A missing child is every parent's worst nightmare, and the longer the time that passes the less likely that answers will be found, so when the grisly discovery of a baby's skeleton is discovered on a construction site it might mean that one family will finally be able to lay their child to rest.  But it wouldn't be much of a story without a few twists, turns and red herrings along the way.

It's clear that from the start that due to the length of time that has passed since the baby was buried that it's highly unlikely that anyone who lived in the area at that time would still be around.  But for journalist Kate this is the type of juicy story that she wants to investigate to get herself noticed at the newspaper, especially at a time when print readership is in the decline.  During the course of the investigation Kate's path crosses with Angela, Emma and her mother Jude, which had me questioning their connections with the case.  What follows was a complex story of family relationships, secrets, lies, and eventual truths waiting to be discovered.

I loved the pairing with Kate and rookie Joe, who is used to the trappings of technology, as between them they worked well as a team using both their strengths to find the clues and answers that eventually lead to the conclusion of this case.  Although I'm not always sure the police involved with the historic and current cases were always grateful for their help!
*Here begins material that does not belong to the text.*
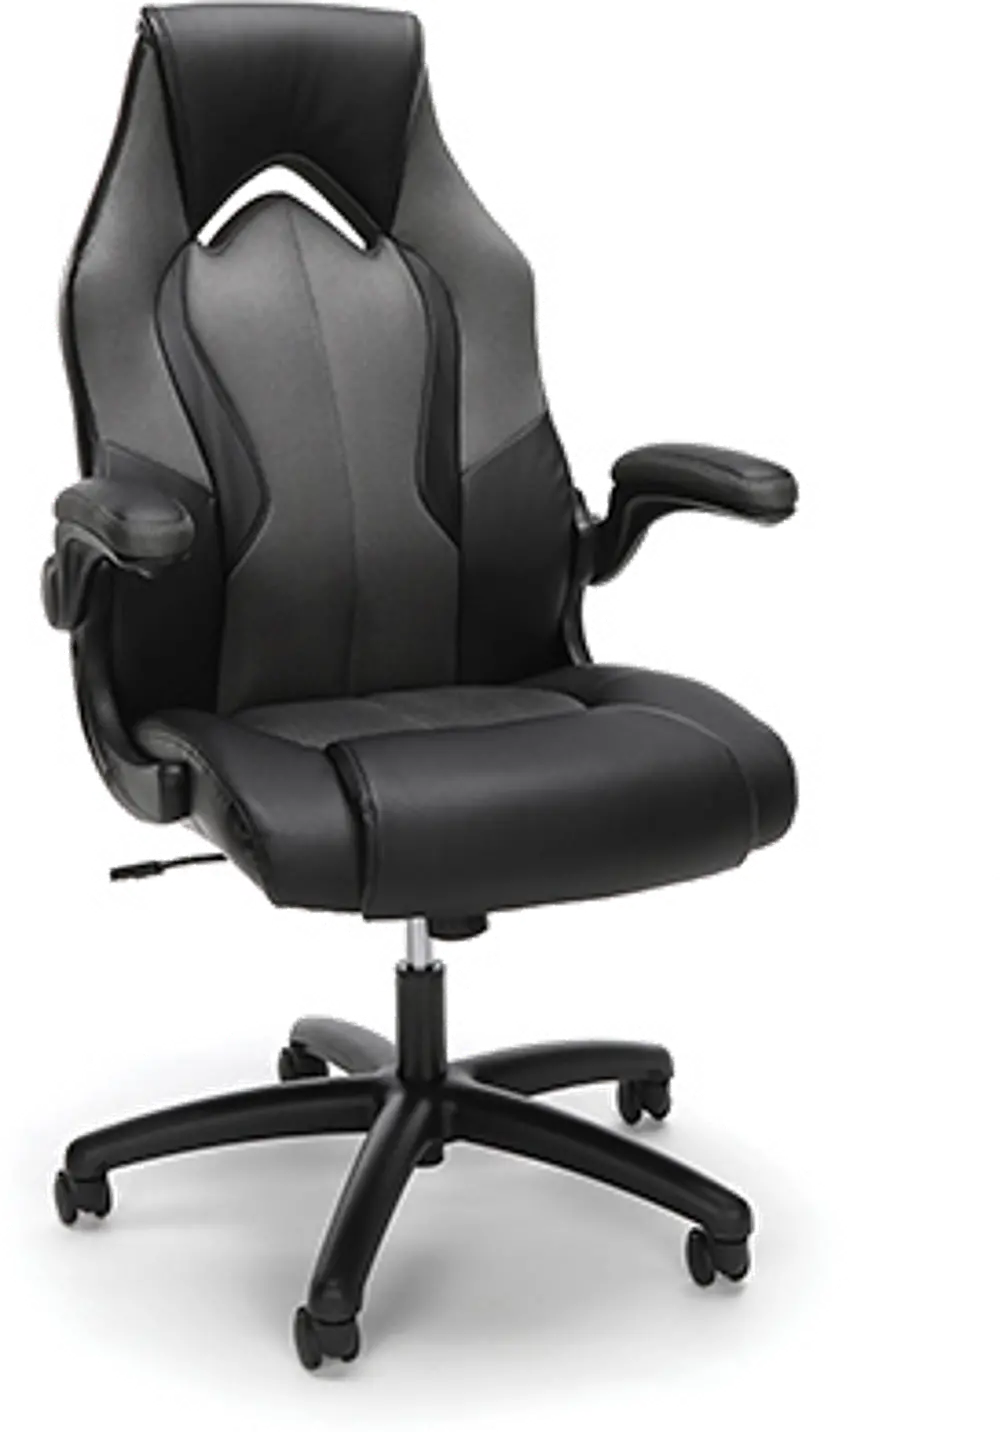 Gray and Black Leather Gaming Chair - Essentials-1
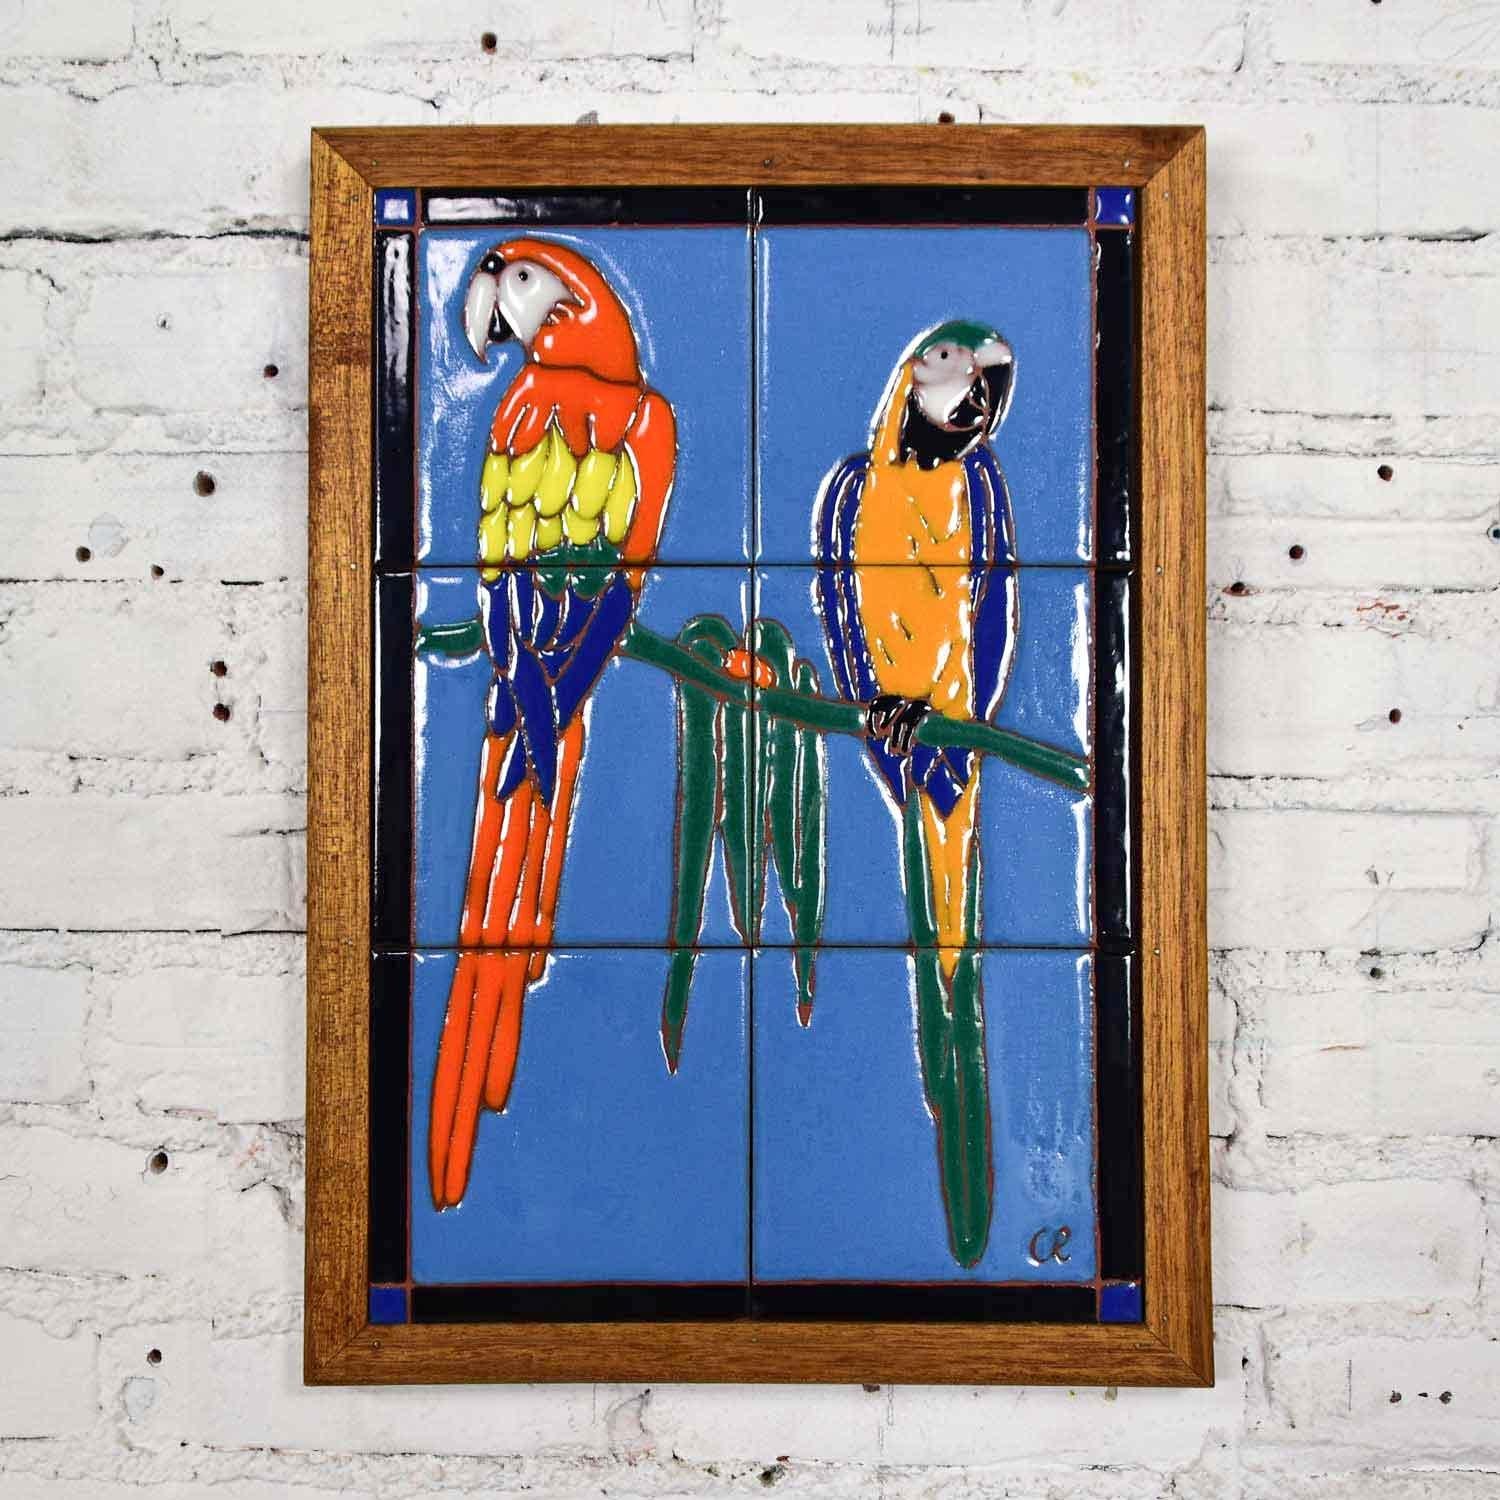 Marvelous vintage Catalina style majolica parrot ceramic tile plaque by Christopher Reutinger for Catalina Picture Tile (formerly named Palisade Tile which is what this piece is marked). Incised and embedded in a rich mahogany frame. Beautiful

With its gritty themes that were handled sensitively The Child had me gripped from start to finish, and although I had guessed the eventual outcome quite early on it didn't bother me that I had as it still had me wanting to read on to find out if I was correct. As I've not read Fiona Barton's debut novel The Widow, I didn't realise until afterwards that the journalist in this story Kate Waters also featured in that story so I'll now need to add that book to my never ending TBR list... one day I'll have all the time in the world to read all the books!